## [PROBLEM]
Apart from the pictures, return every line of the listing exactly.

## [SUPPLIED MATERIAL]
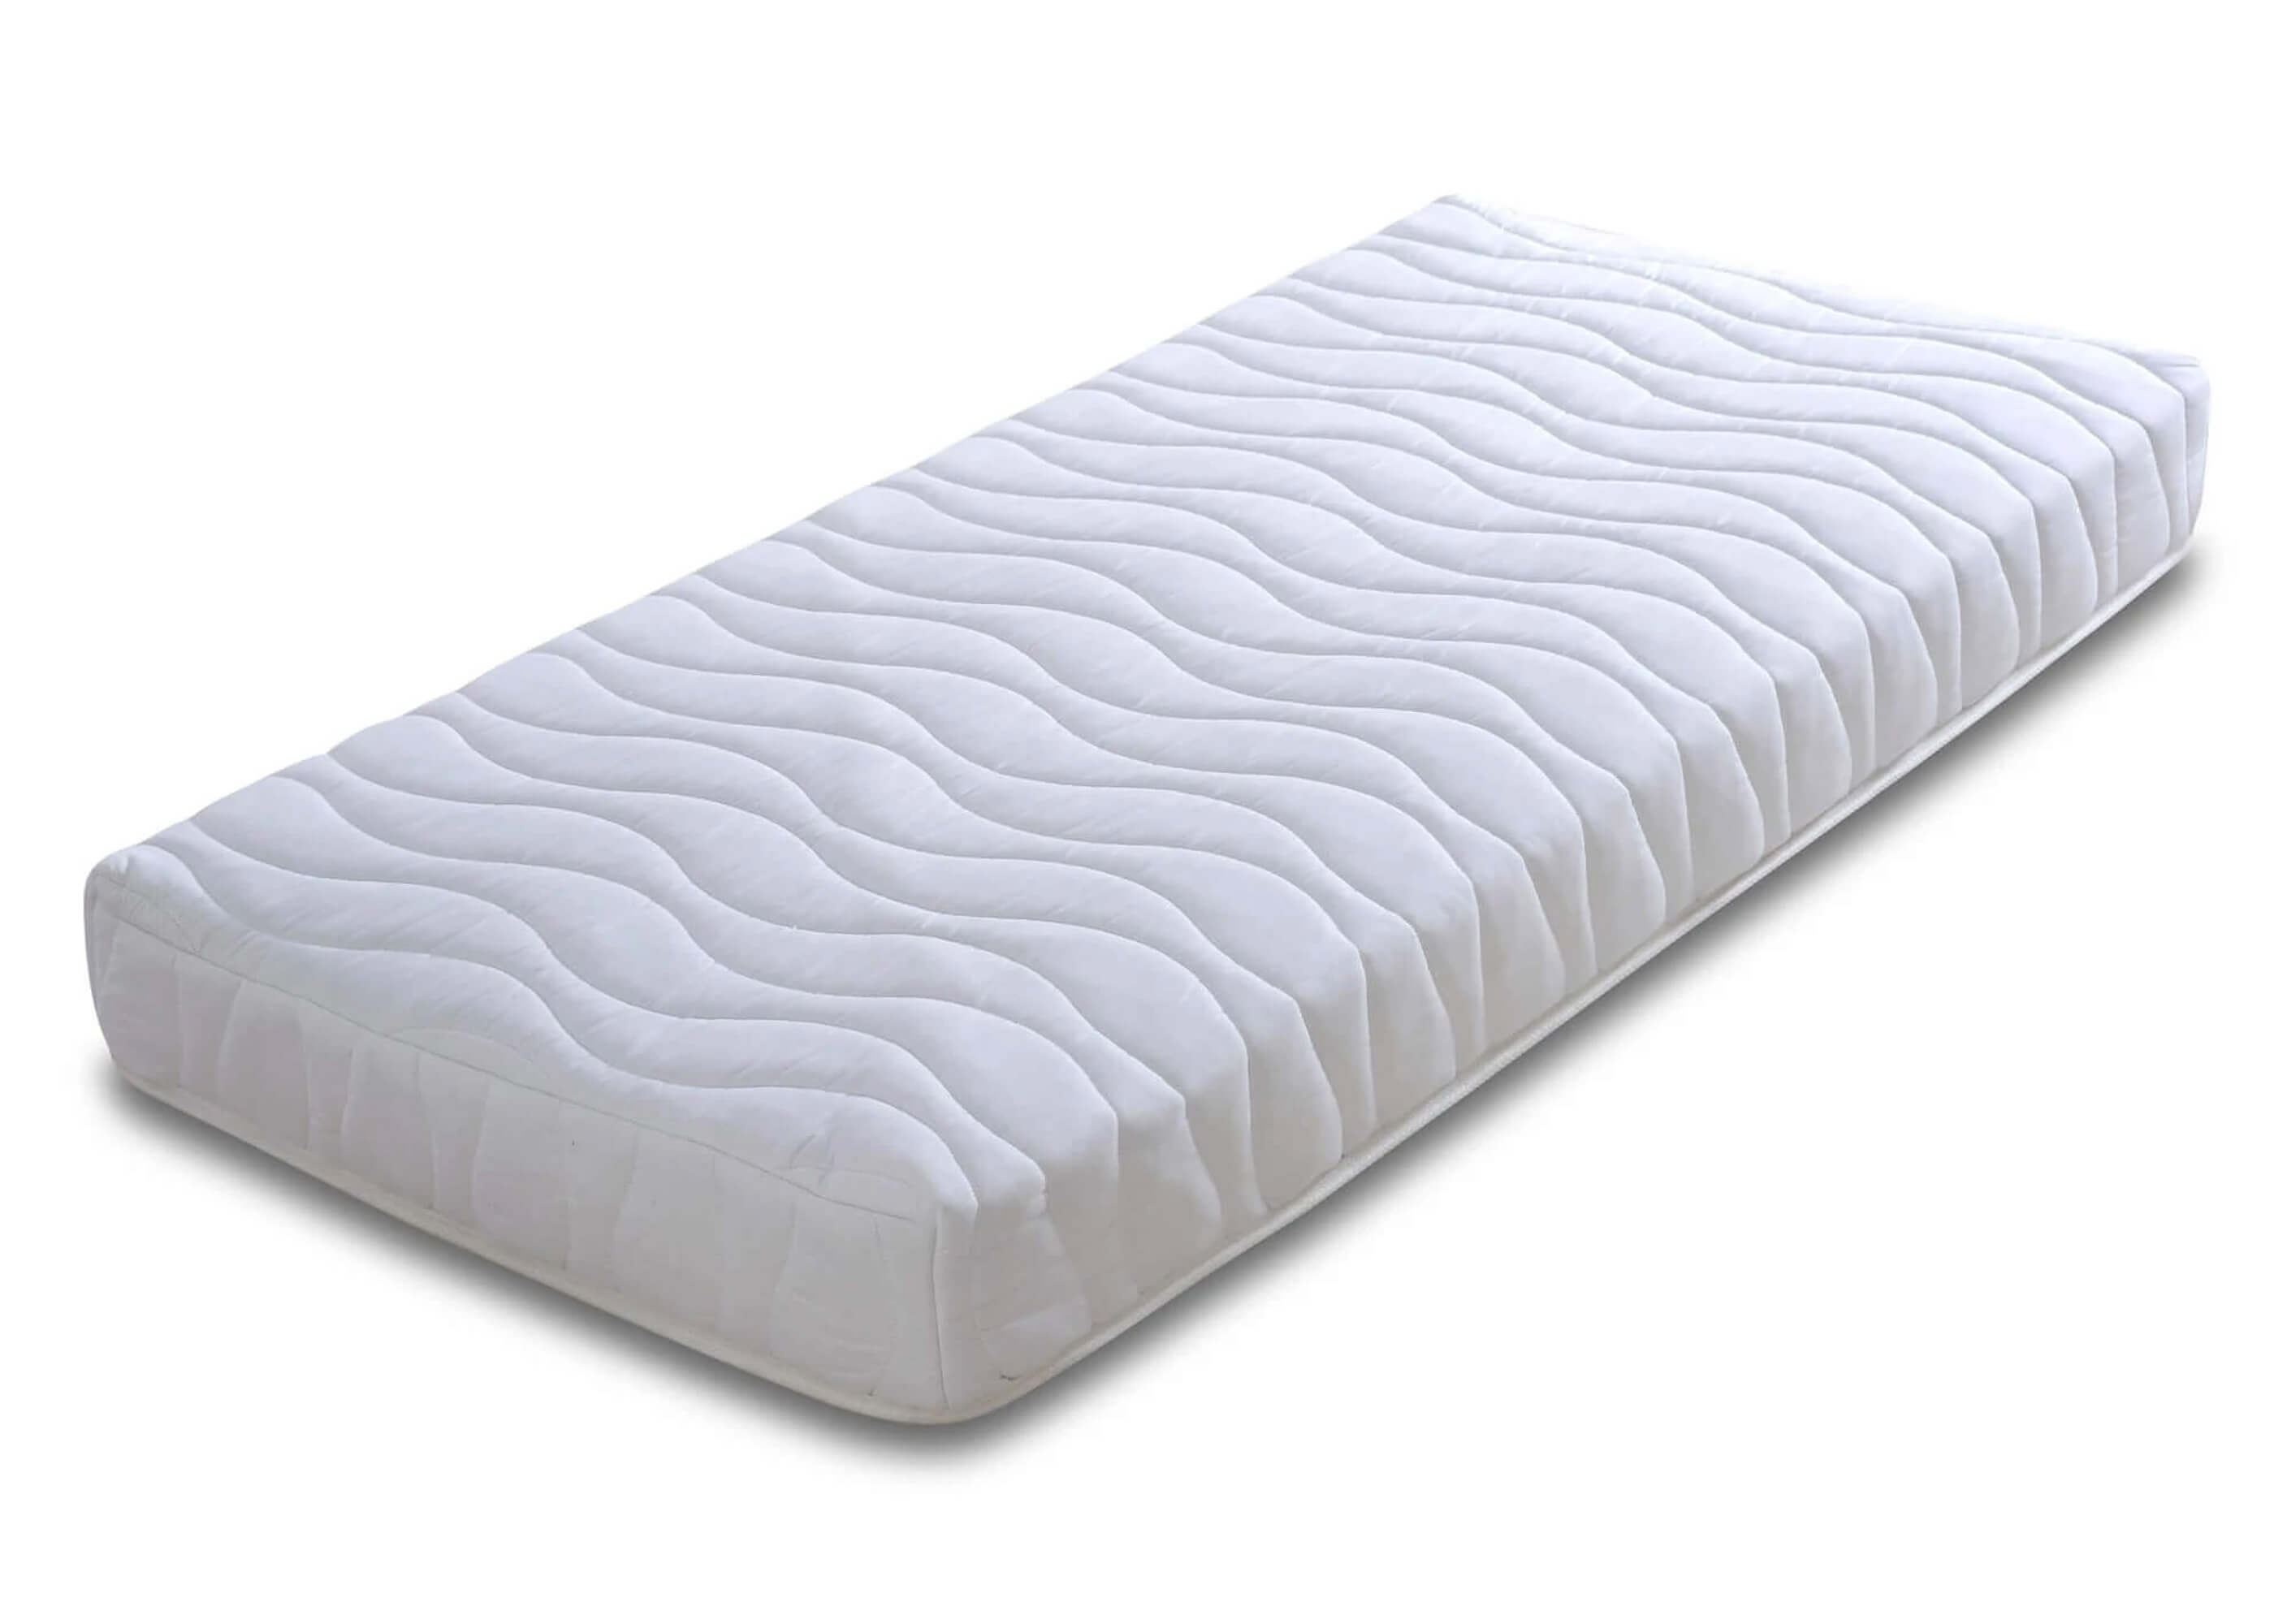 bunk bed mattress with memory foam
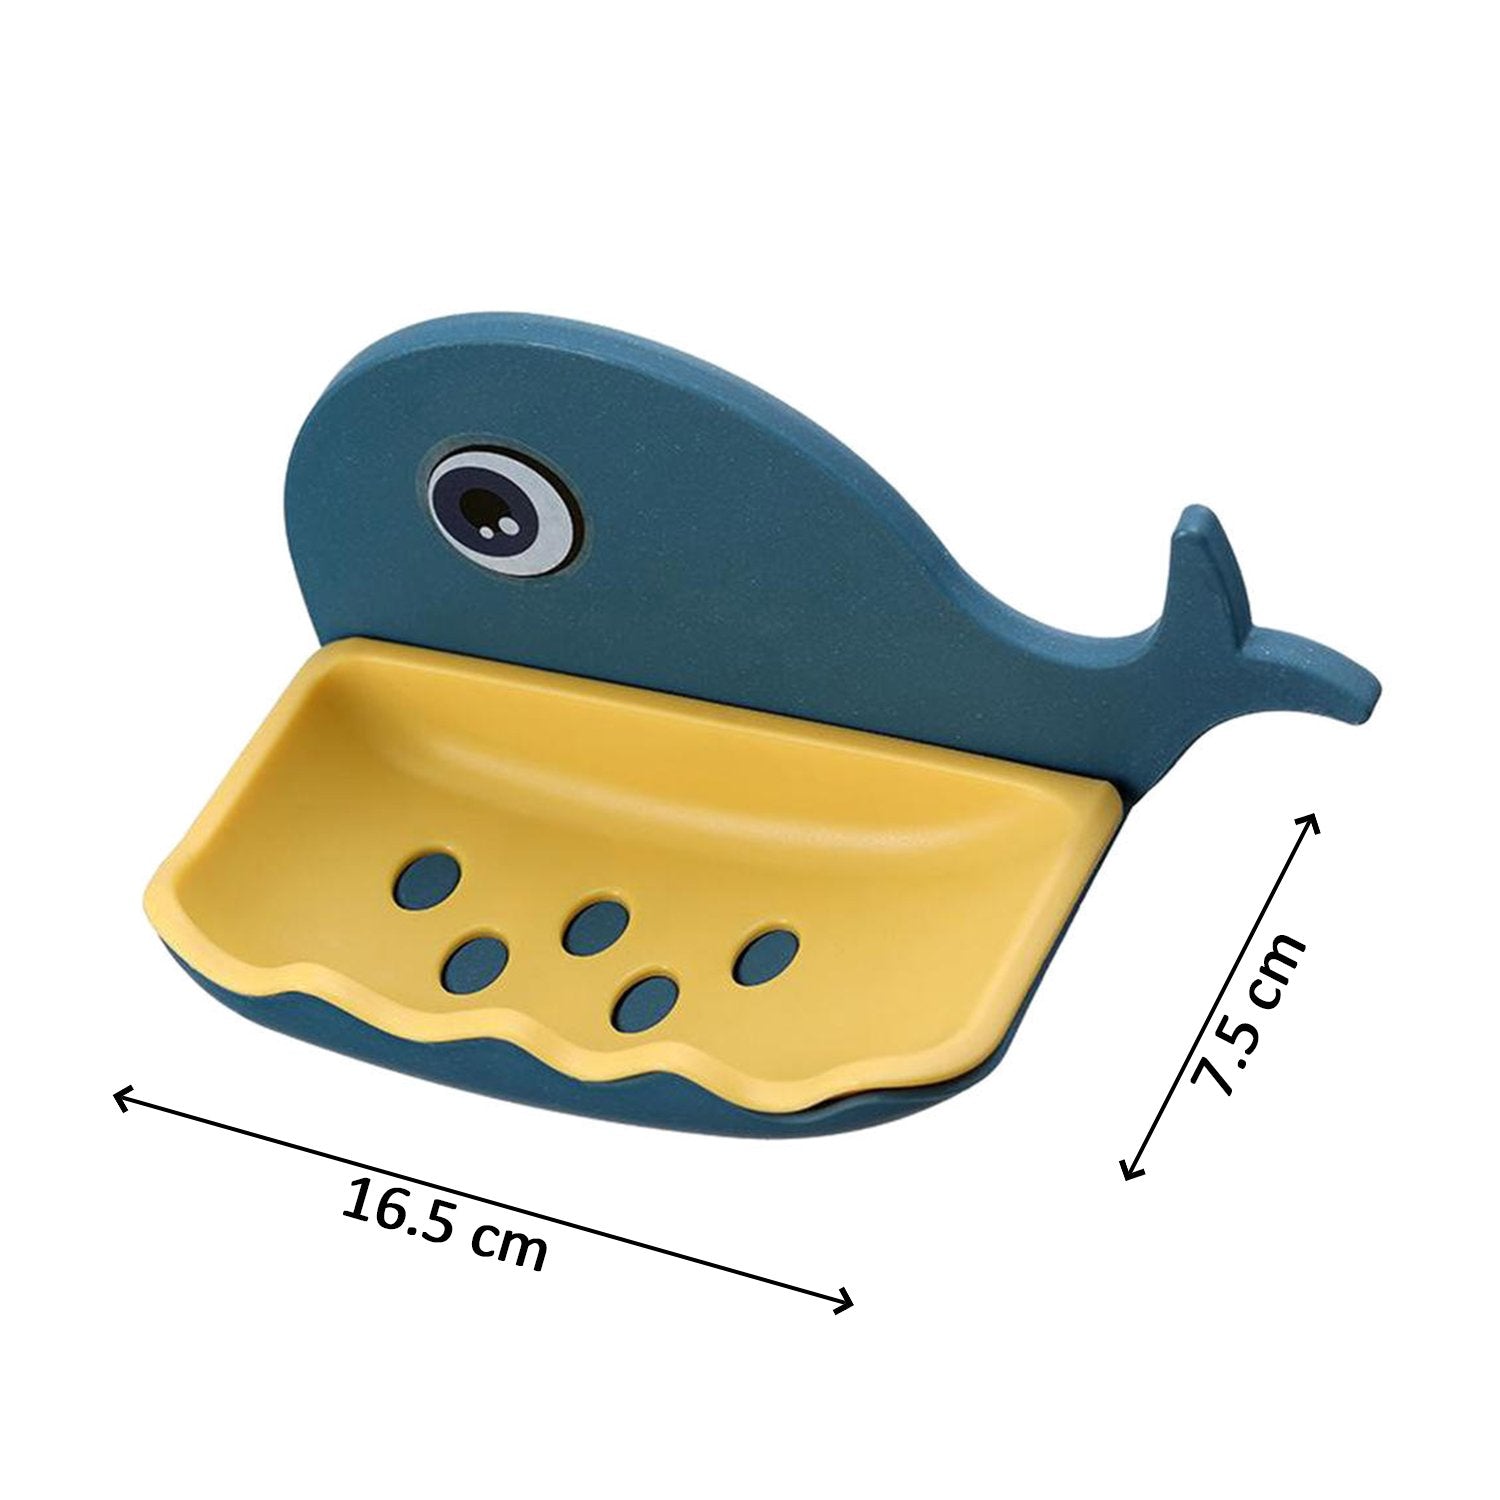 4047 Fish Shape Double Layer Adhesive Waterproof Wall Mounted Soap Bar Holder Stand Rack for Bathroom Shower Wall Kitchen DeoDap
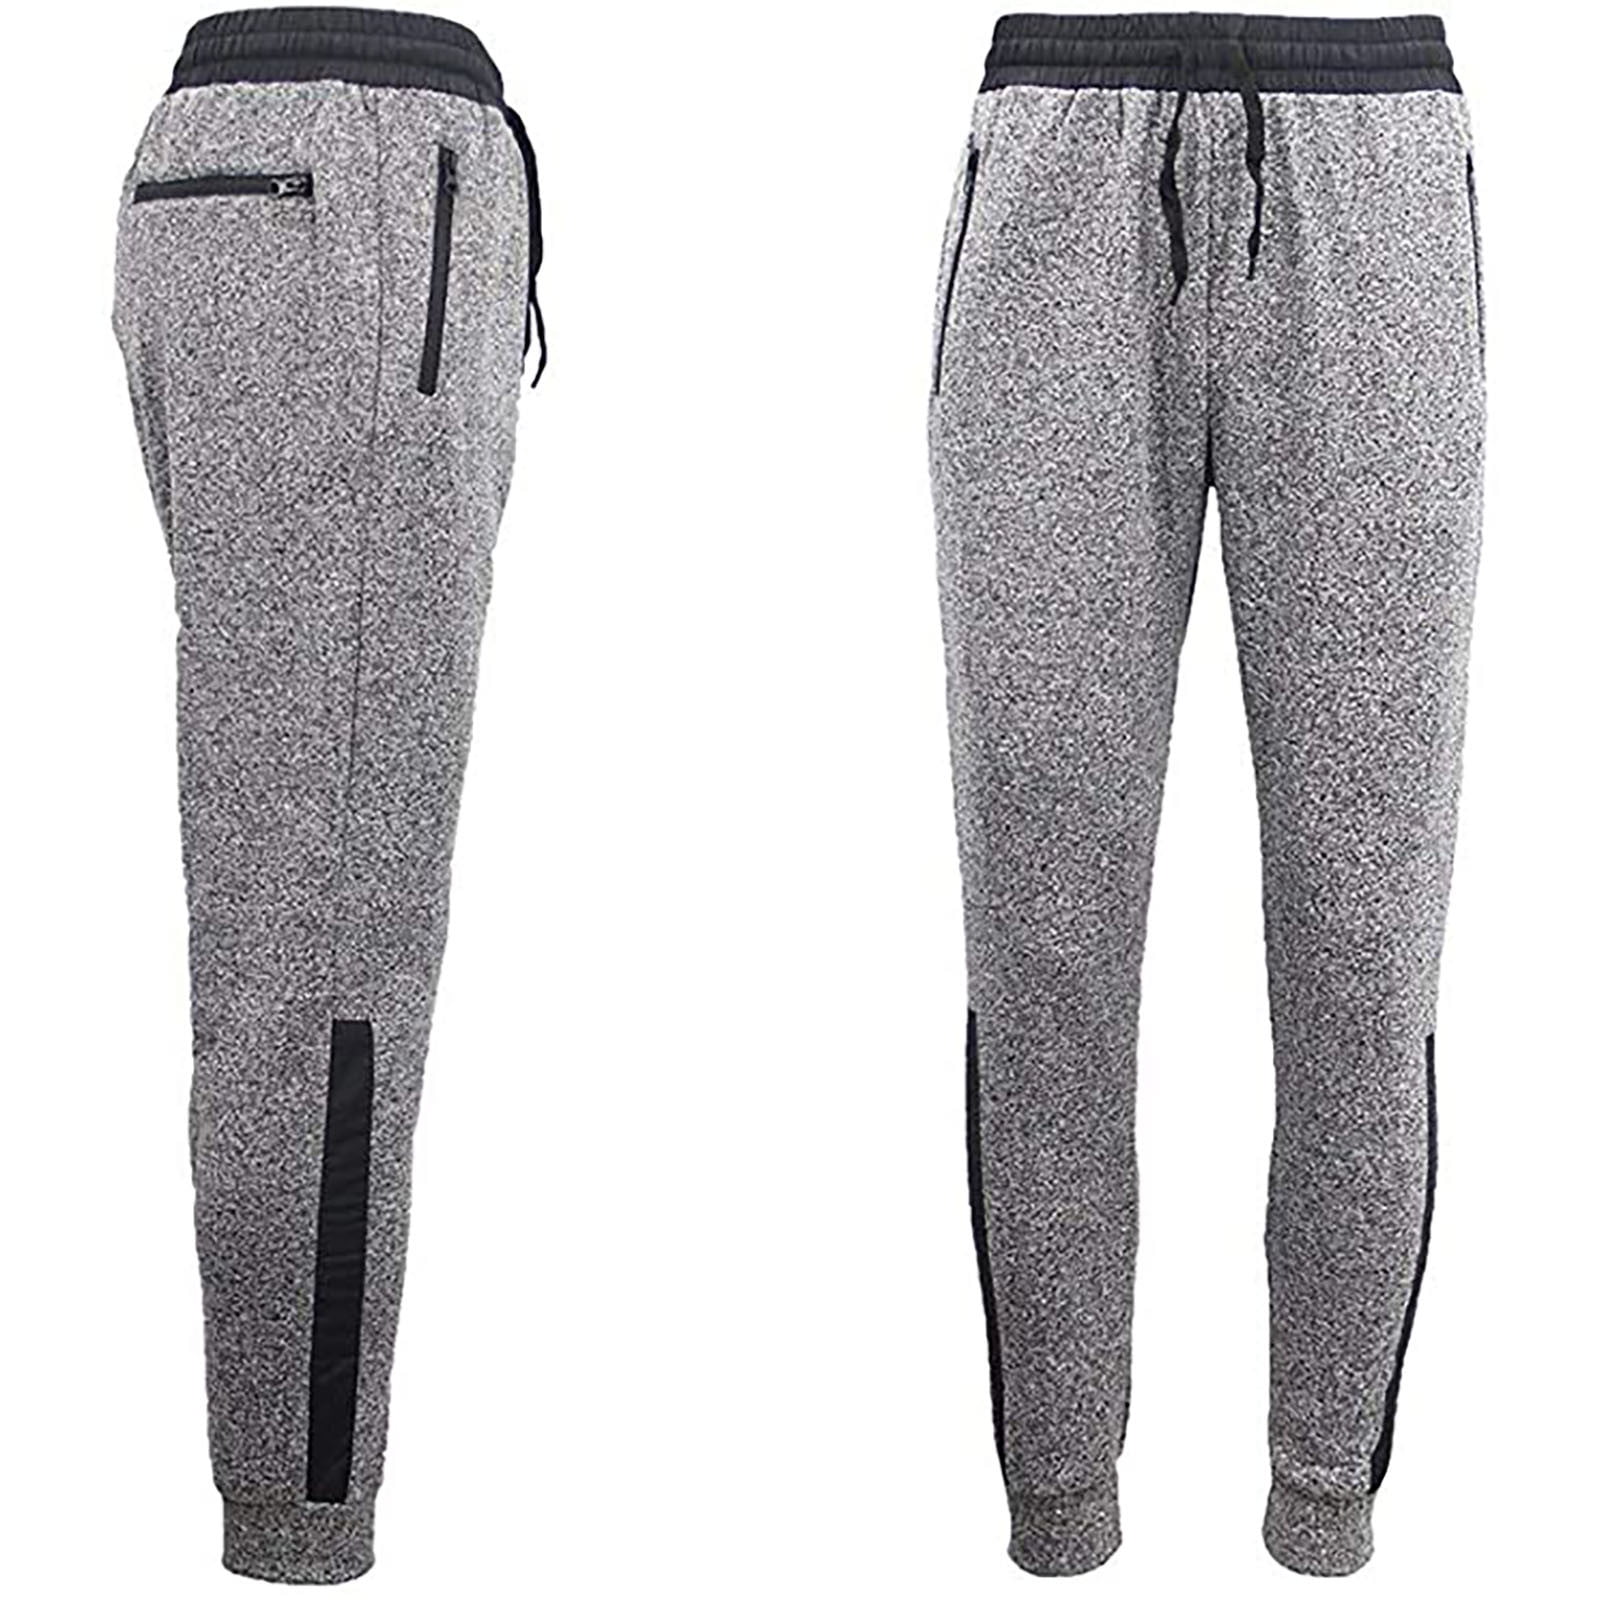 CAICJ98 Mens Joggers With Pockets Men's Active Tack Jogger Pants Fitness  Tapered Sweatpants Slim Fit Trousers with Zipper Pockets Grey,XXL

## [YOUR RESPONSE]
 bunk bed mattress with memory foam
 4047 Fish Shape Double Layer Adhesive Waterproof Wall Mounted Soap Bar Holder Stand Rack for Bathroom Shower Wall Kitchen DeoDap
 CAICJ98 Mens Joggers With Pockets Men's Active Tack Jogger Pants Fitness  Tapered Sweatpants Slim Fit Trousers with Zipper Pockets Grey,XXL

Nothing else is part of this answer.